FUNCTIONS AND SCRIPTS


Functions

One of the advantages of using a scriptable statistics language like R is, if you don't like the way it does something, you can change it. Or if there is a function missing you'd like to have, write it. Writing basic functions is not difficult. If you can calculate it at the command line, you can write a function to calculate it.

There is no function in the R base packages to calculate the standard error of the mean. So let's create one. The standard error of the mean is calculated from a sample (I should say estimated from a sample) by taking the square root of the sample variance divided by the sample size. So from the command line...

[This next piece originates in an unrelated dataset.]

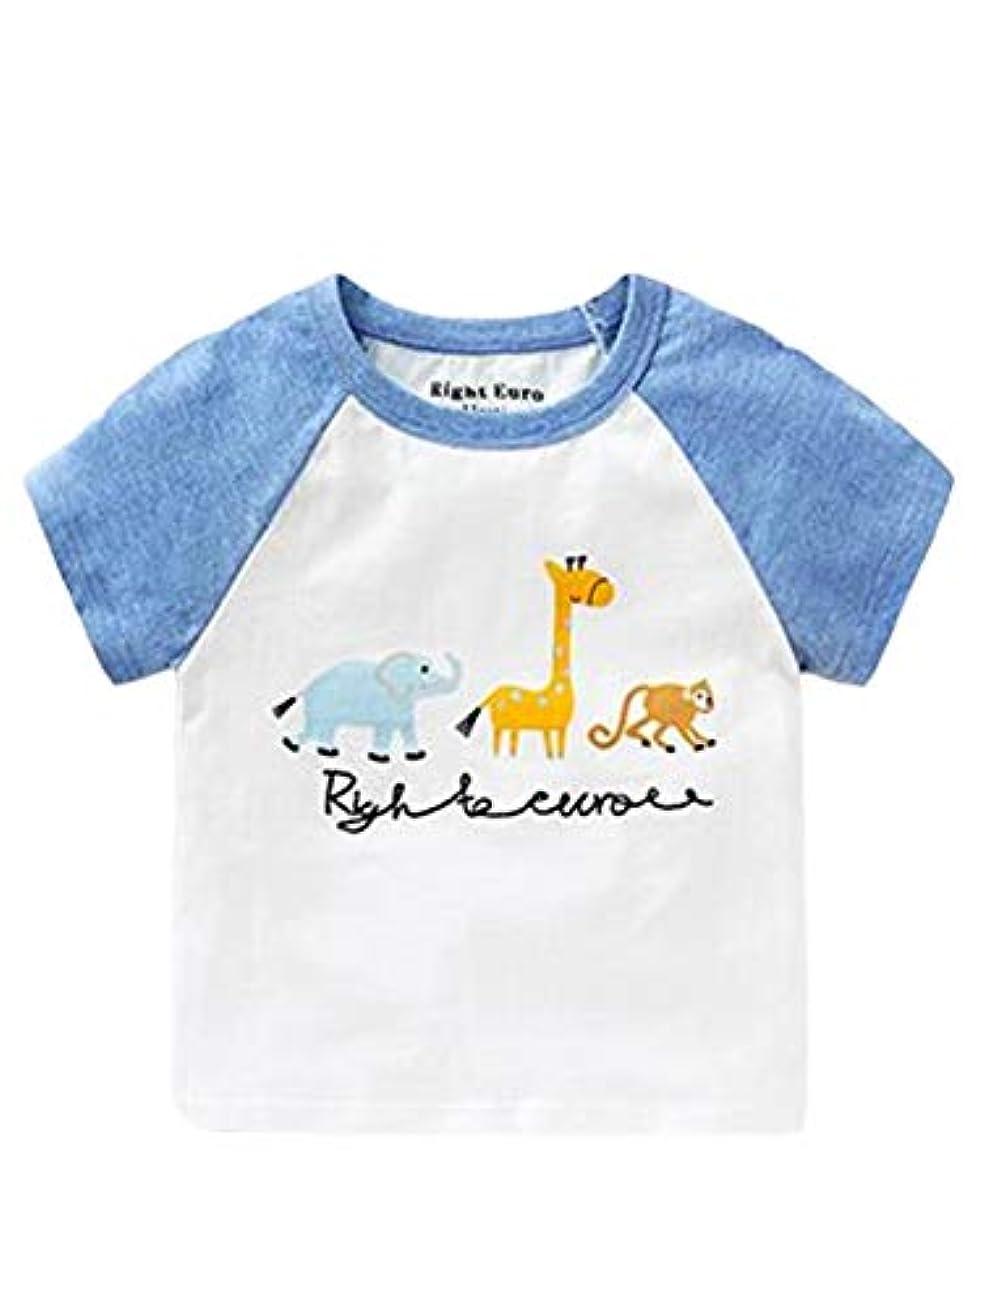 危機妊娠したベスト[ダーセン]ベビー服 子供服 Tシャツ 男の子 半袖 プリント 夏 可愛い パーティー 記念日 プレゼント 写真通りc 100

> setwd("Rspace")                      # if you've created this directory
> rm(list=ls())                        # clean out the workspace
> ls()
character(0)
> nums = rnorm(25, mean=100, sd=15)    # create a data vector to work with
> mean(nums)                           # calculate the mean
[1] 97.07936                           # your results will differ
> sd(nums)                             # and the standard deviation (sample)
[1] 12.92470
> length(nums)                         # and the length or "sample size"
[1] 25
> sem = sqrt(var(nums)/length(nums))   # this is how the sem is calculated
> sem
[1] 2.584941
So we know how to calculate the sem at the command line. Automating that by creating an "sem( )" function is a piece of cake...
> rm(sem)                              # get rid of the object we created above
> ?sem
No documentation for 'sem' in specified packages and libraries:
you could try 'help.search("sem")'
> sem = function(x)
+ {
+      sqrt(var(x)/length(x))
+ }
First, we checked to make sure "sem" was not already used as a keyword by asking for a help page. (That's no guarantee, but it's a good check.) Then we typed "sem=function(x)", which requires a bit of explanation. The name we desire for our function is "sem", so that's the first thing we type. Then we tell R we want to define this as a function by typing "=function". The sem is going to be calculated on a data object--a vector--so we have to pass the data to the function, and that is the point of "(x)". This tells R to expect one argument to be passed to the function. It doesn't have to be called "x". This is just a dummy variable, so call it "fred" if you want, as long as you call it the same thing throughout the function definition.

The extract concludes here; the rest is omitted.